I finally made it back to Bree today.
It has been a difficult few months, so very difficult. Aakusti and I made it through Bail Rova and Ram Duath, but not without incident. We were detained in that place for quite some time, under close scrutiny from the Trev Duvardain. It took much work, but eventually we were able to escape. As promised, he left me to make my own way back as soon as we had reached the Northdowns.
I came back, as I meant to, as they promised me that I would. I came back, but I must wonder why. Perhaps I would have been better had I continued on my travels to... anywhere else.
It was silent at first, so very silent, where I stood atop the High Stair. It has been long since I enjoyed any true silence and I found solace in it. It was not to last, though. I had not been there long before two men began arguing nearby. A fight ensued and one killed the other. He was decapitated before my eyes and I felt... nothing. I simply watched dispassionately. Even when the victor threatened me in an attempt to ensure silence, I cared not a whit. Who am I now that I could witness such a sight and be unmoved?
I went for a walk later, passing through the Pony to find an injured Guvadan. Again, I felt nothing for his state. Instead, I was angry at him. Is he not partially to blame for what became of me? Had he not taunted and belittled Aakusti so, would he have done as he did? Would I have endured such humiliation, such pain and all the horrors of Bail Rova had he not acted like such a childish twit? I shouted at him, accused him of many things and even went so far as to tell him that had I not made an oath of pacifism, I would have killed him myself. Such threats are beneath me, or they were.
By the end of the verbal altercation my head was pounding. They were so loud, so insistant, whispering, screaming, shouting for me to hurt him as he had caused me to hurt. I could not drown them out, even when a man approached me to offer his "services" in the removal of Guvadan. I refused, of course, and their cries grew ever more shrill and angry.
When I saw Cyfier only moments later, it was not as I would have liked. For so long had I dreamed of this time. For so long had I convinced myself that all would be well when finally I saw him once more and knew him to be safe.

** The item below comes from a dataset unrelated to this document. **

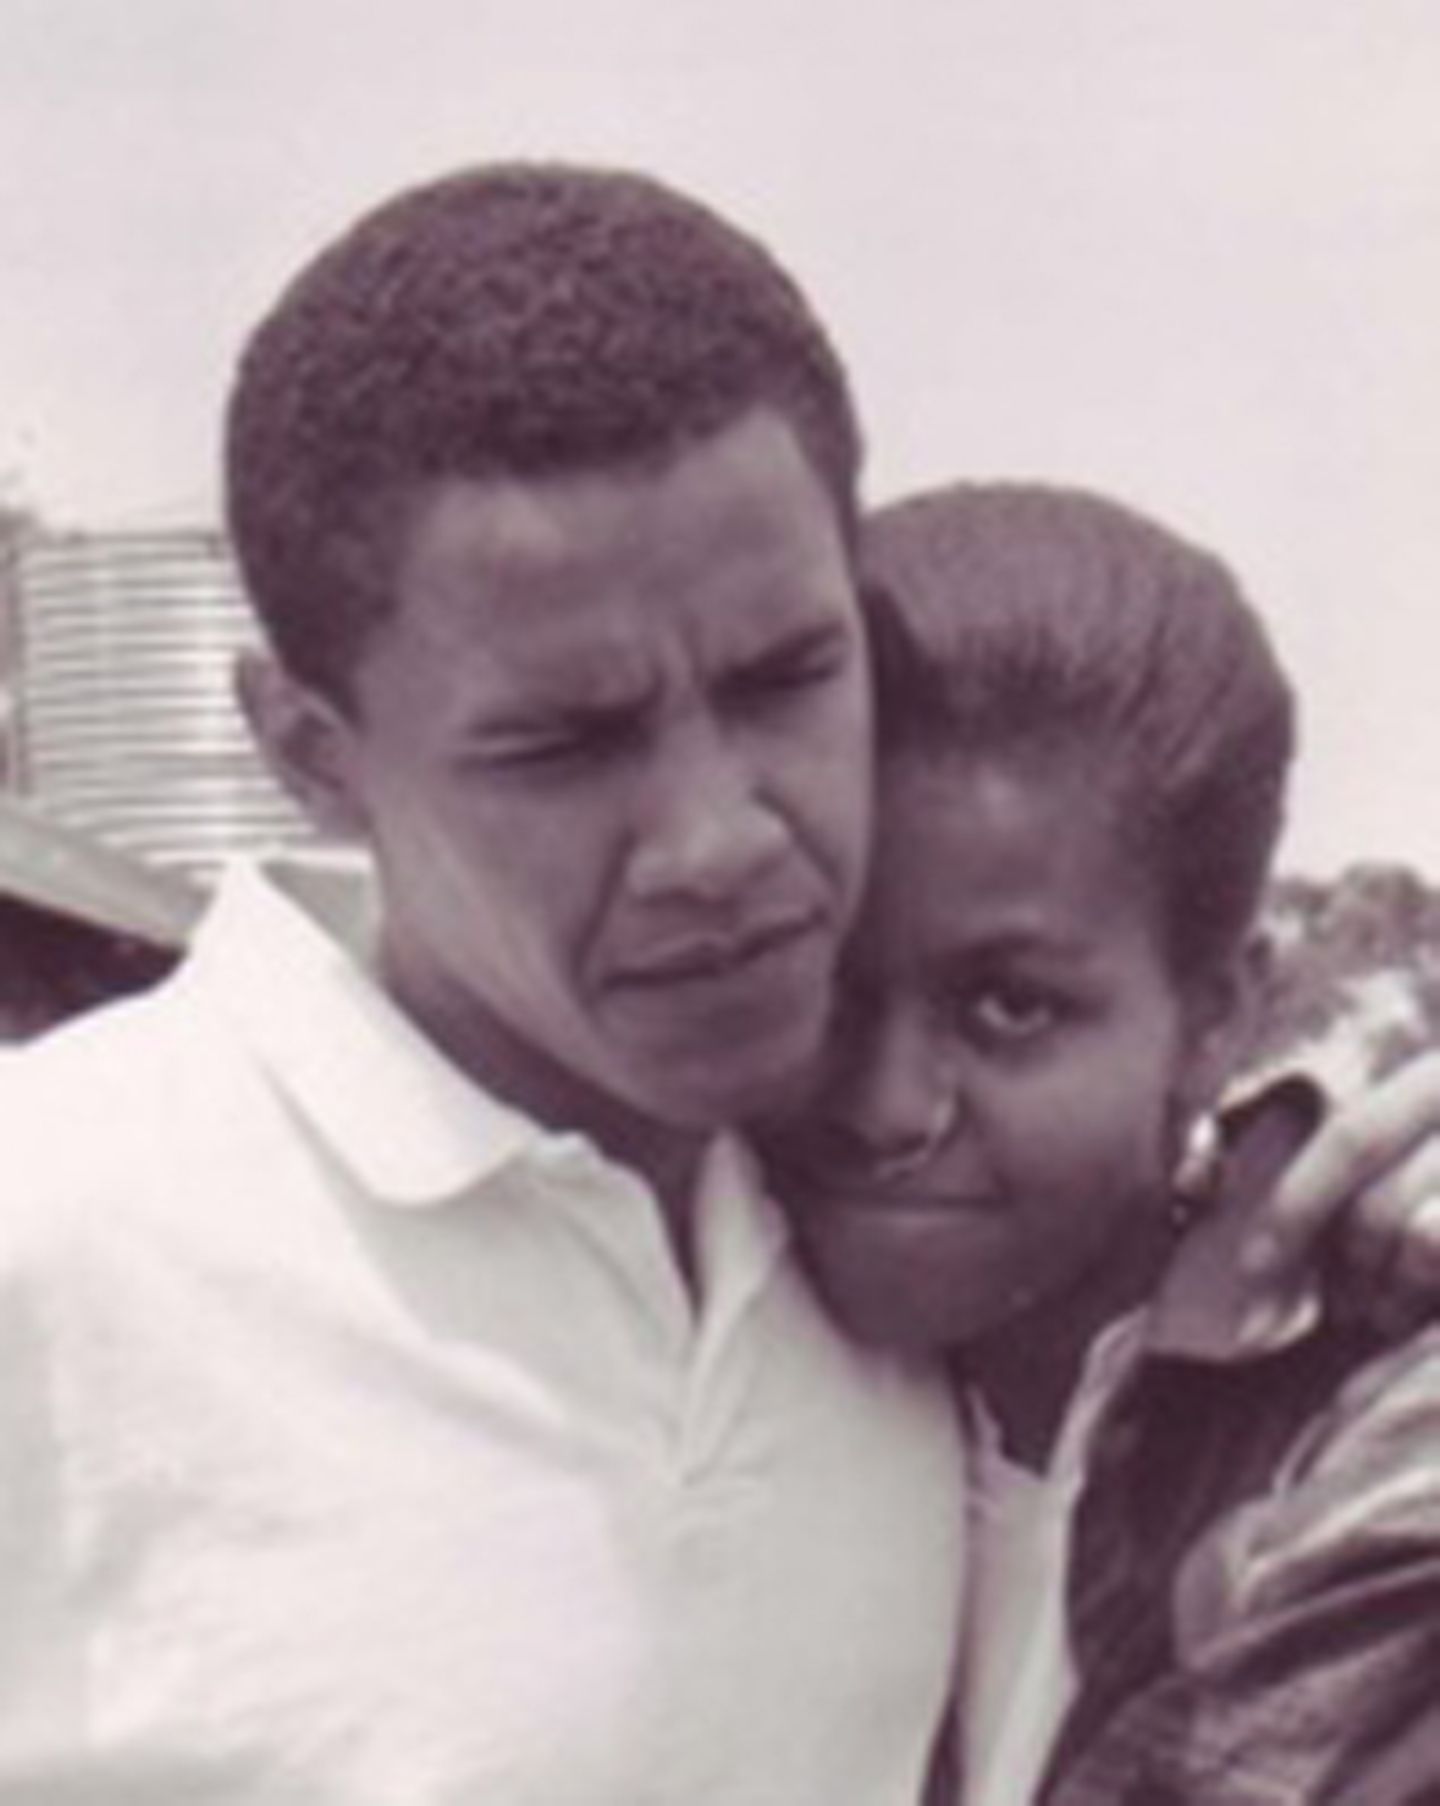 Barack und Michelle Obama

For so long had I looked forward to the moment that I could look into his eyes and see the man I once knew, but it was not to be. He was talking to someone and I... I could not bear to wait for him. I could not bear to let him see me this way. My head hurt abominably. I could barely think, I could barely hear... so, I fled.
Why did I return here? Why did I come back to see these things and face these people? I should have kept walking. I should have... I should have. But I did not and now...
So much. Too much. The noise. The pain. I must rest.